Digital companies in the European Union (EU) pay less than half the amount of tax that other companies pay, the European Commission said in a report. The EU needs a modern tax framework to seize digital opportunities, while also ensuring fair taxation, the report added.
Within the EU, international businesses typically pay a 10.1% tax rate while traditional companies pay 23.3%, due largely to the difficulty of taxing digital assets, which are typically Internet-based. This is particularly important given that more than half of the world’s top 20 companies are technology-based. The Commission stated that the best solution to address this distortion would be on a global level, but in the absence of sufficient progress, the EU should move ahead alone.

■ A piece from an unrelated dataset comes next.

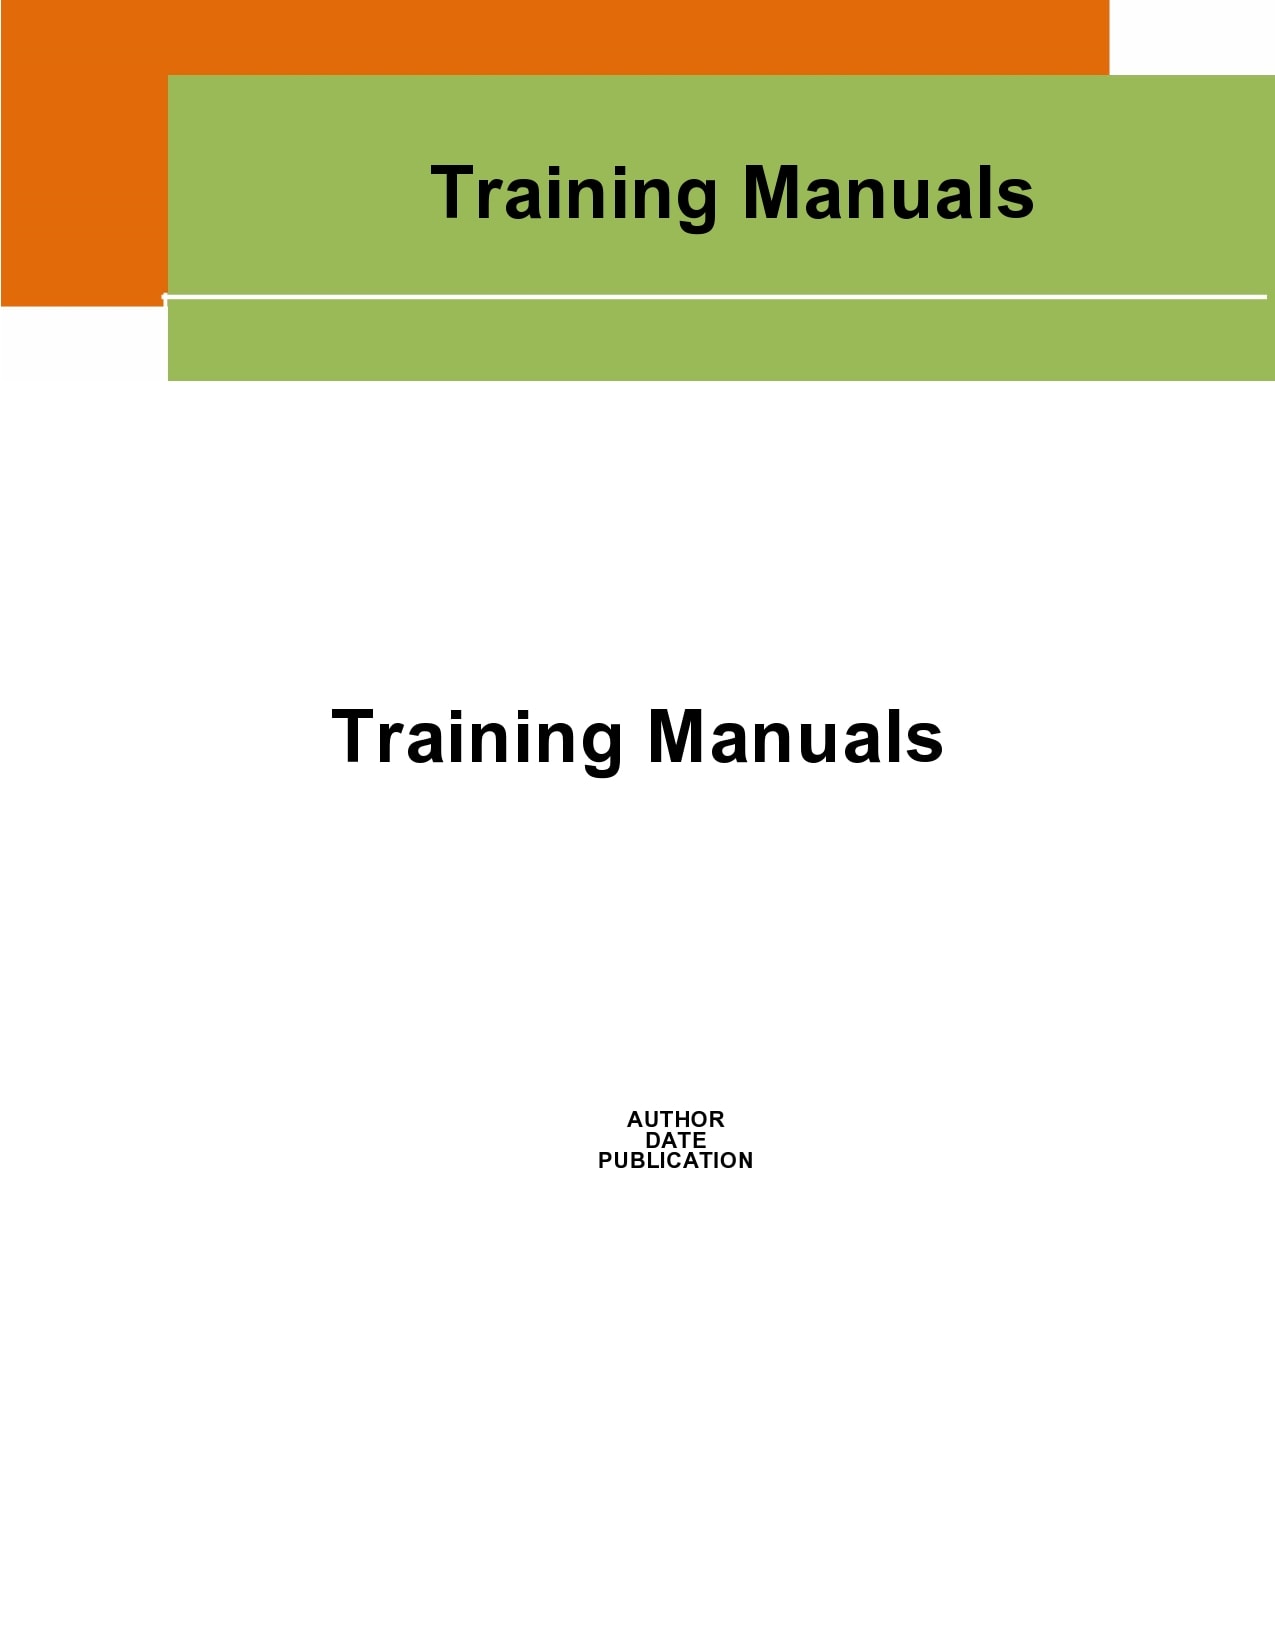 20 Best Training Manual Templates (+Examples) - TemplateArchive With Regard To Training Documentation Template Word

Short-term solutions include:
• An equalization tax on all untaxed or insufficiently taxed income generated from all Internet-based business activities, including business-to-business and business-to-consumer, creditable against the corporate income tax of a separate lever,
• A withholding tax on payments to digital businesses, and
• A levy on revenues from advertisement or other services provided by digital firms.
In the longer term, the Commission said that the EU should review the notion of “permanent establishment” so that firms could also be taxed in countries where they don’t have a physical presence.

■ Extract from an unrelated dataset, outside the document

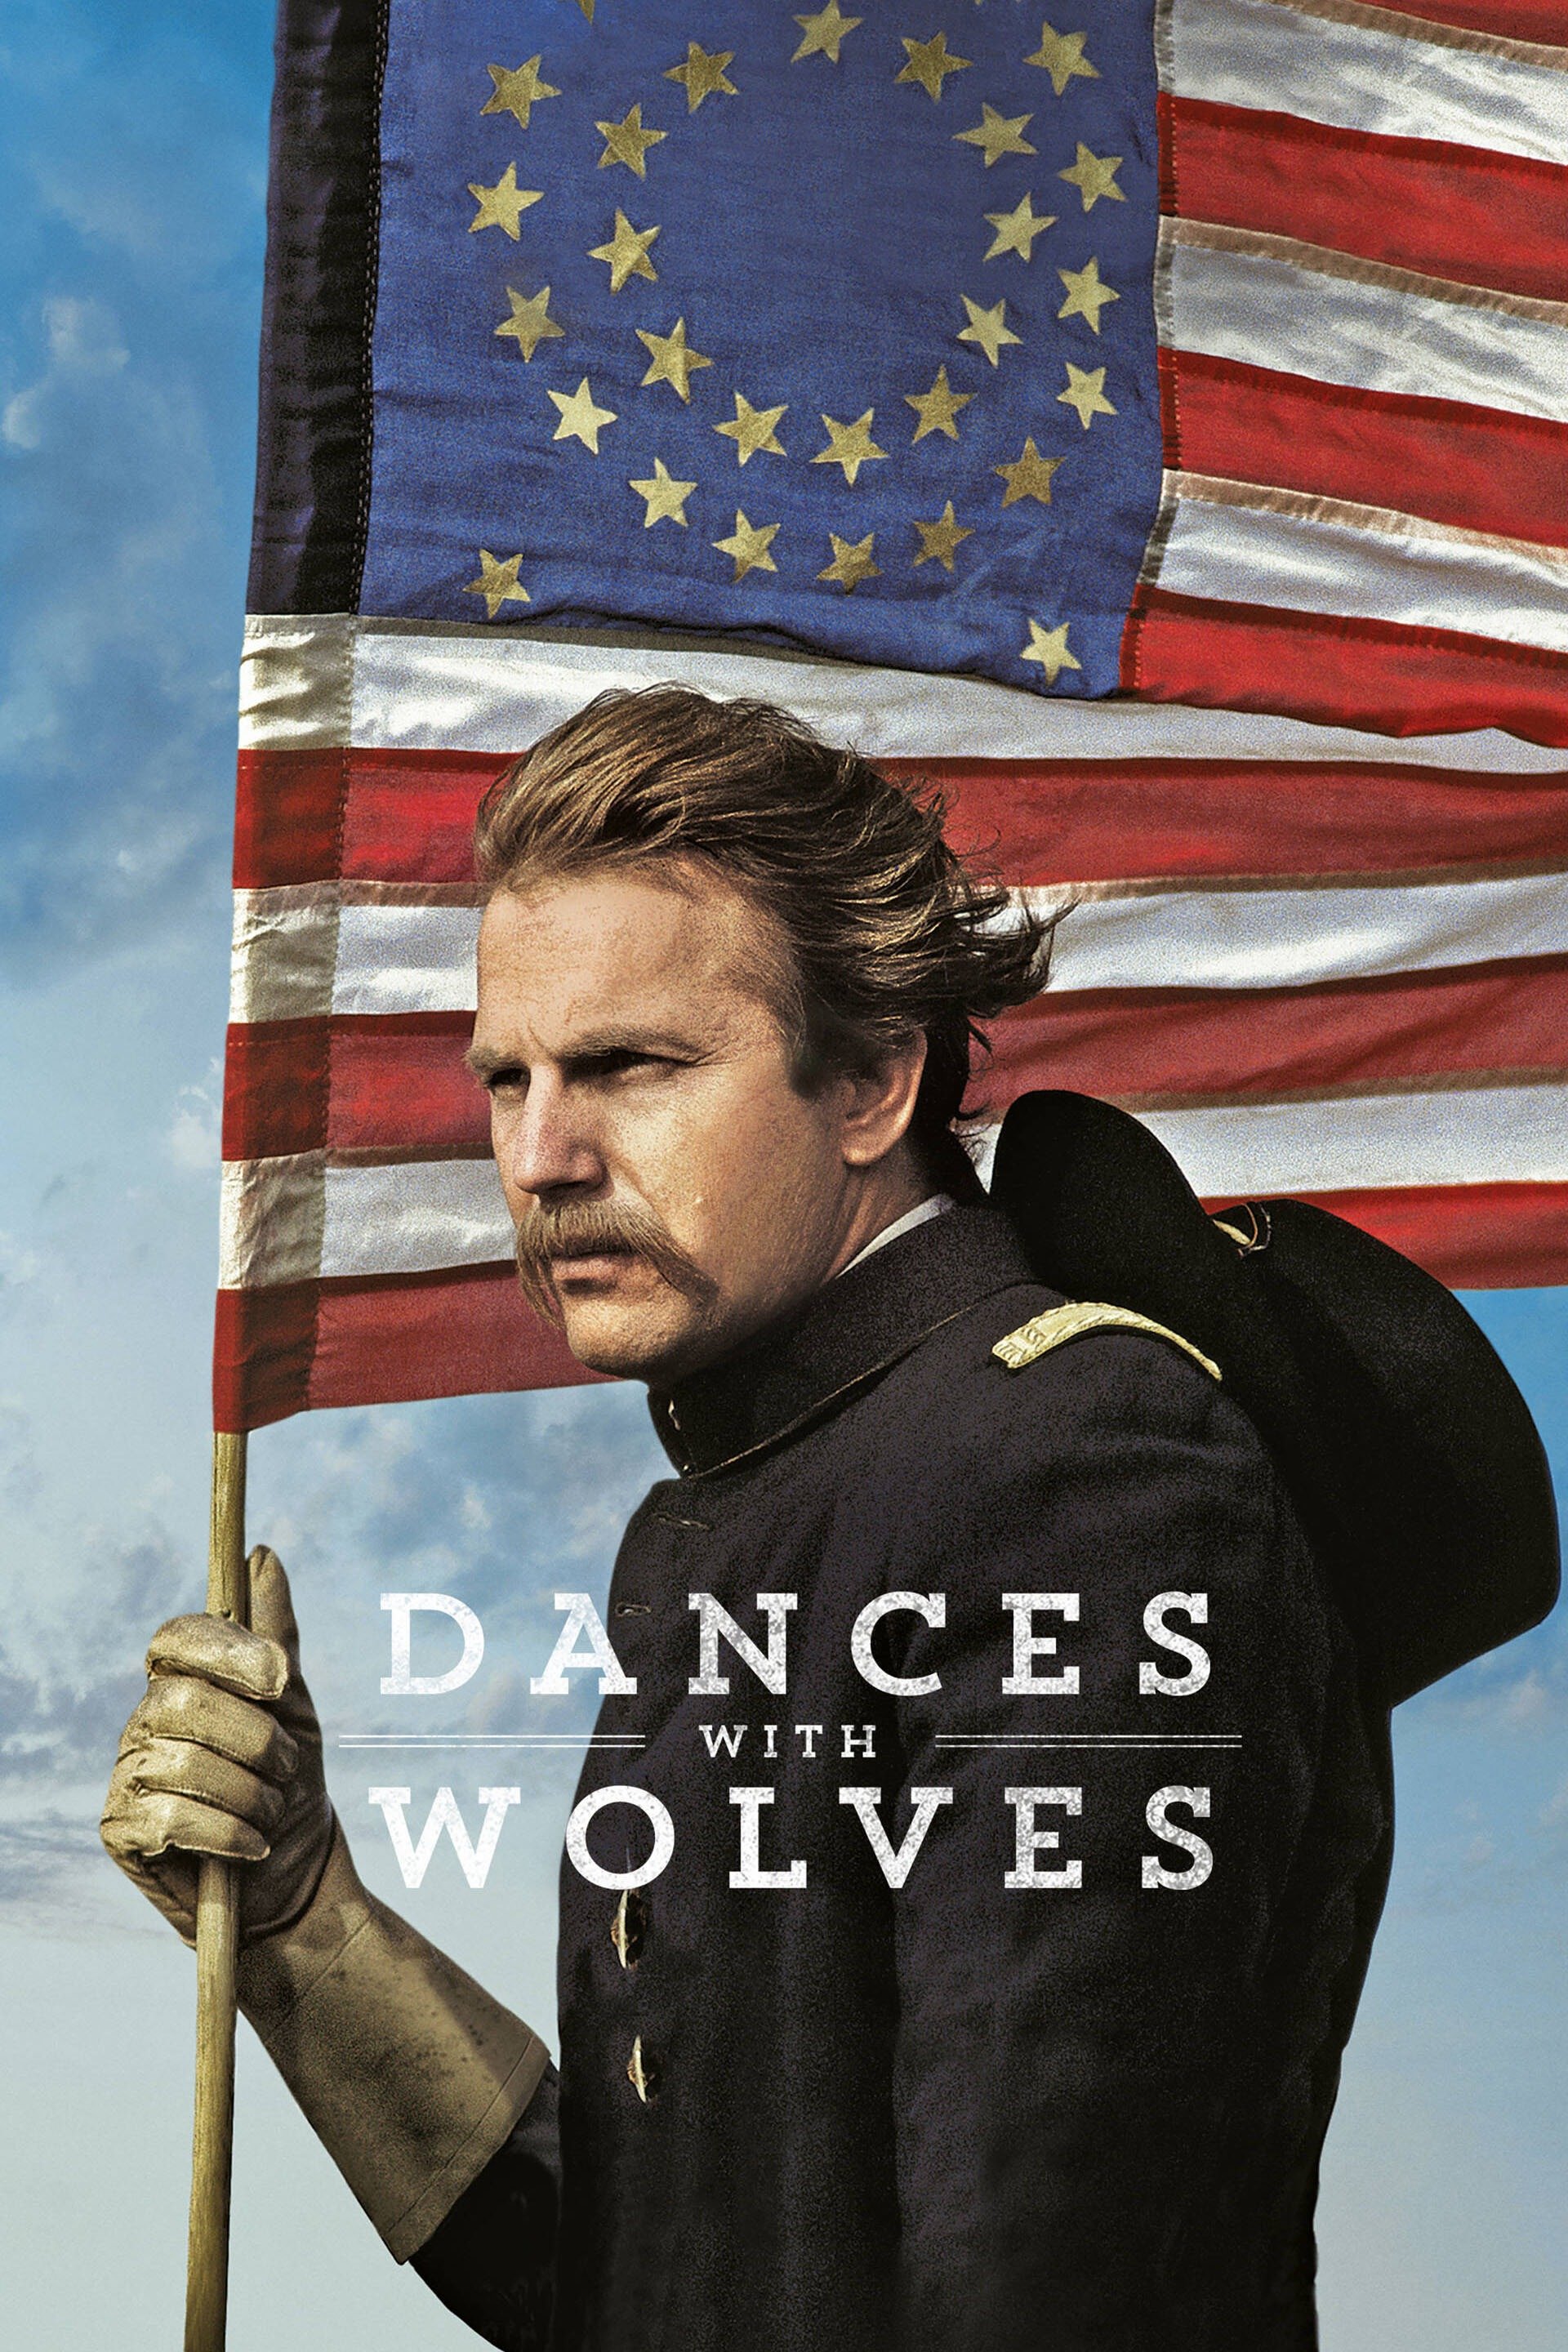 who played in dances with wolves

The CBO examines corporate inversions
The Congressional Budget Office (CBO) recently published a report titled An Analysis of Corporate Inversions. As described by the CBO, “a corporate inversion occurs when a U.S. multinational corporation completes a merger that results in its being treated as a foreign corporation in the U.S. tax system, even though the shareholders of the original U.S. company retain more than 50% of the new combined company.”
U.S. companies have engaged in corporate inversions since 1983. According to the CBO, concern grew in 2014 because the group of corporations that announced plans to invert that year included some that were very large, with combined assets of $319 billion — more than the combined assets of all of the corporations that had inverted the previous 30 years. The reduction in companies’ worldwide tax expenses following an inversion results from changes in both U.S. and foreign tax expense, the CBO noted.
The report is divided into the following sections: strategies to reduce worldwide corporate tax liabilities; reasons corporations decide to invert; an overview of past inversions; changes in companies’ tax expense; and the effects of inversions and other international tax avoidance strategies on the corporate income tax base over the next decade.
Digital economy tax challenges
Ángel Gurría, Secretary-General of the Organisation for Economic Co-operation and Development (OECD), addressed the difficulties of taxing the digital economy.
At a meeting of the European Economic and Financial Affairs Council (ECOFIN) on international taxation, Gurría focused on the tax challenges occurring from the digitization of the economy.
Through the OECD’s base erosion and profit shifting (BEPS) project, agreement has been reached that VAT should be collected in the countries of destination of e-sales and e-services. Under the destination principle, tax is ultimately levied only on the final consumption that occurs within the taxing jurisdiction. Over 100 countries are implementing the new International VAT/GST Guidelines, which are fully aligned with EU rules.
The EU has identified the total VAT revenue declared via its Mini One Stop Shop (MOSS) as in excess of €3 billion in 2015, its first year of operation. MOSS allows you to supply the following services within the EU without the need to register in each EU country you supply to:
• Telecommunication services,
• Television and radio broadcasting services, and
• Electronically supplied services.
The G20 has delivered a mandate to the OECD to produce an interim report by April 2018.